In the examples, it is preferred that: the step S4) further comprises the steps of:

s40) if the current speech technology of the speech dialogue engine is allowed to be interrupted and the audio file played at the current time is not played completely, calling a playing stopping interface to interrupt playing;

and said step S40) is located before step S41).

In the examples, it is preferred that: step S42) the corresponding logic processing of the characters transcribed by the speech dialogue engine program according to the speech recognition by combining the preset dialogues through the dialogue engine comprises the following steps:

s421) if the matched next process is carried out, acquiring the corresponding audio file to be played, and calling a playing interface to play;

s422) if the next matched process is directly manual, transferring the PCIE voice card to a manual interface for processing;

s423) if the next matched flow is to end the call, calling the on-hook interface to end the call, and calling the recording stopping interface to end the call recording.

In the examples, it is preferred that: the step S5) comprises the following steps: when the call is over, the voice dialog engine program automatically generates call records and session records during the call, and generates user grade information according to the conversational rating setting.

In the examples, it is preferred that: the step 3) comprises the following steps: when the event call-back function receives a call incoming event, the voice dialog engine program automatically calls the response interface to answer the call and executes the step 31), and when the event call-back function receives a call outgoing call and is successfully established, the voice dialog engine program automatically calls the response interface to answer the call and executes the step 31).

In the examples, it is preferred that: and the voice conversation engine and the PCIE voice card support the establishment of conversation communication based on an SIP protocol.
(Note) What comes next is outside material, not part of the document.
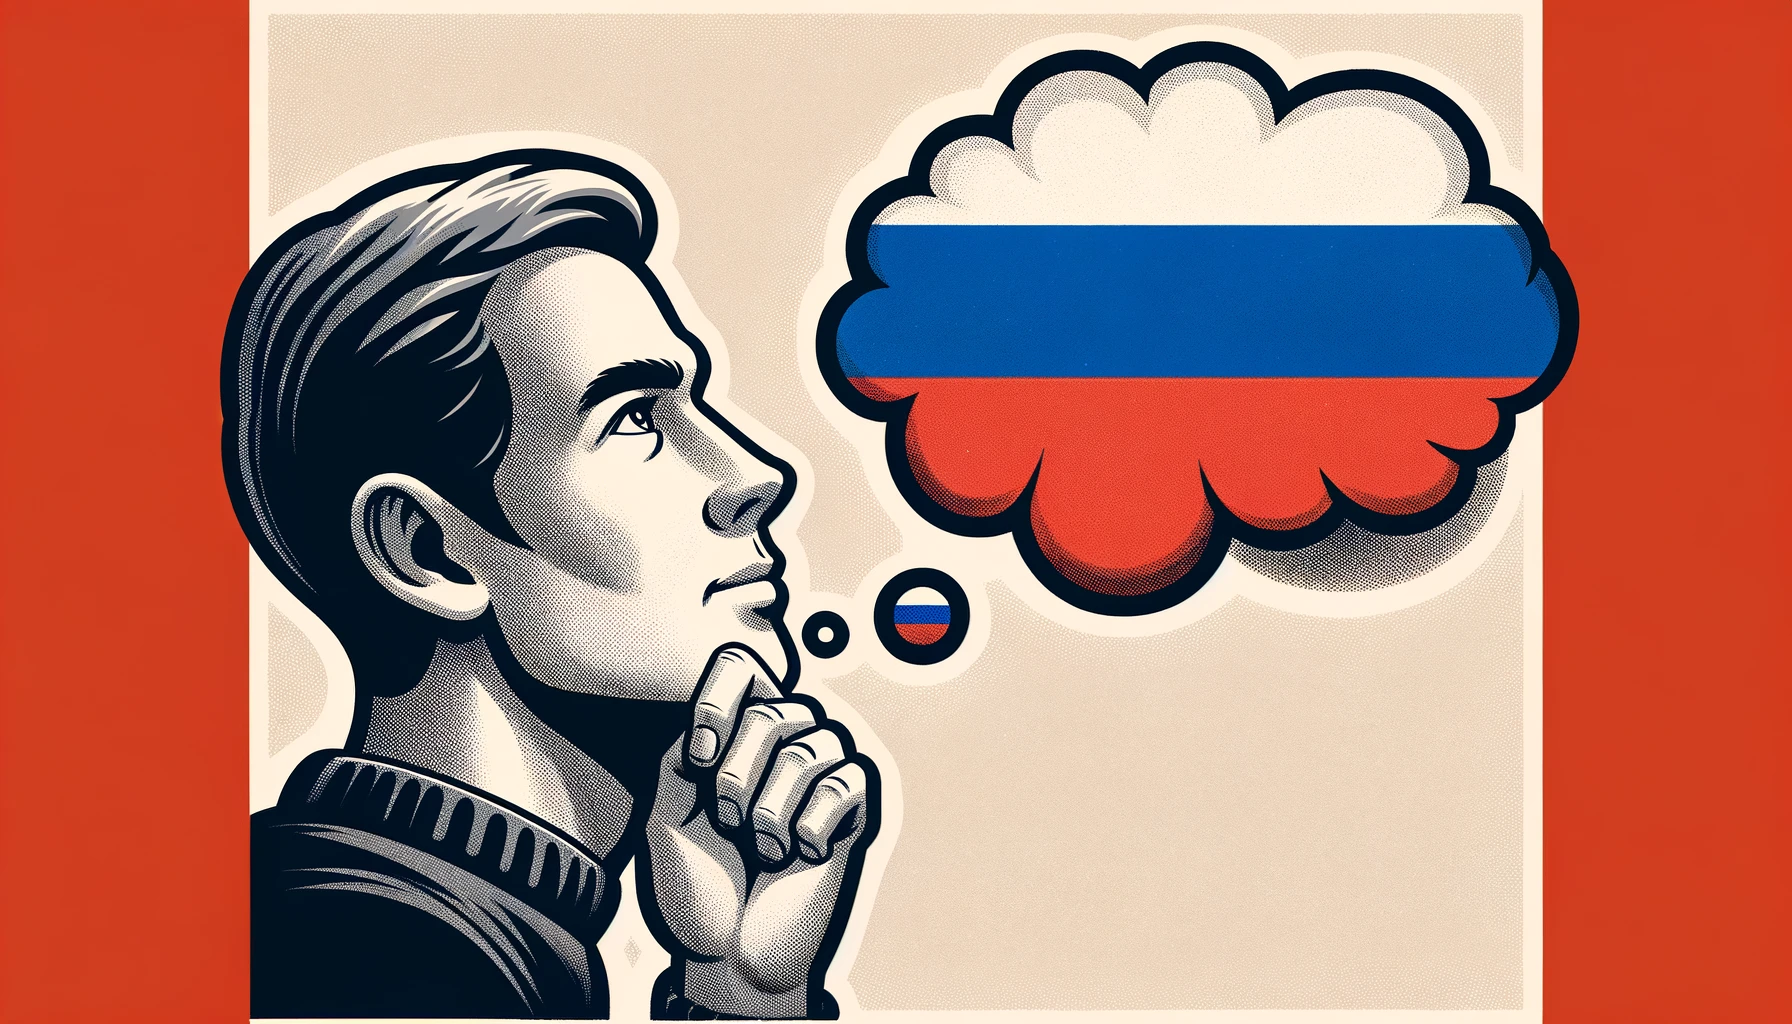 Aprender russo rapido aprender russo,aprender russo rápido,segredo,troika idiomas

In order to solve the above technical problem, another technical solution adopted by the present invention is to provide an intelligent dialogue robot system, which includes an intelligent voice dialogue engine module 10, a PCIE voice card 20, and a voice transcription processing module 30;

the intelligent voice conversation engine module 10 comprises a starting unit 11, an automatic response unit 12, a voice conversation engine unit 13, a conversation process processing unit 14, an ending conversation unit 15 and a conversation record and conversation grading unit 16;

the PCIE voice card 20 includes an initialization unit 21, a line incoming unit 23, a call recording and silence detection unit 24, an audio acquisition unit 25, a VAD detection unit 26, an automatic audio segmentation unit 27, an artificial voice service interface unit 28, and a hang-up unit 29;

the start starting unit 11 is electrically connected with the automatic answering unit 12 and the initializing unit 21, the initializing unit 21 is electrically connected and used for starting the line calling unit 23, the automatic answering unit 12 is electrically connected with the line calling unit 23 and the talking recorder silence detecting unit 24, the automatic answering unit 12 is used for monitoring the calling event of the line calling unit 23 and connecting the talking recorder silence detecting unit 24 after the calling connection is established;

the voice conversation engine unit 13 is electrically connected with the conversation process flow processing unit 14, the silence detection unit 24 of the conversation recorder, the audio acquisition unit 25, the VAD detection unit 26, the automatic division audio unit 27 and the voice transcription processing module 30;

the conversation process processing unit 14 is electrically connected with the silence detection unit 24 of the conversation recorder, the artificial voice service interface unit 28 and the conversation ending unit 15, the conversation ending unit 15 is electrically connected with the conversation record conversation rating unit 16 and the hang-up unit 29, and the hang-up unit 29 is electrically connected with the artificial voice service interface unit 28;

the initialization unit 21 is configured to invoke the initialization unit 21 to initialize a dynamic library of the PCIE voice card 20, the voice dialog engine unit 13 is configured to obtain an audio file from the silence detection unit 24 of the call recorder and play the audio file, invoke the audio acquisition unit 25, the VAD detection unit 26, and the automatic audio segmentation unit 27 to perform audio acquisition, VAD detection, and automatic audio segmentation, and then transfer the voice signals acquired by the audio acquisition unit 25, the VAD detection unit 26, and the automatic audio segmentation unit 27 by using the voice transfer processing module 30, and send the voice signals to the talk process processing unit 14 in a wired manner;

moreover, a telephone line which is already opened in a telecommunication unit is inserted into the PCIE voice card 20, the PCIE voice card 20 is inserted into a PCIE expansion slot of an industrial PC equipped with a windows system, and the voice dialog engine module 10 and the voice transcription processing module 30 are installed on the industrial PC.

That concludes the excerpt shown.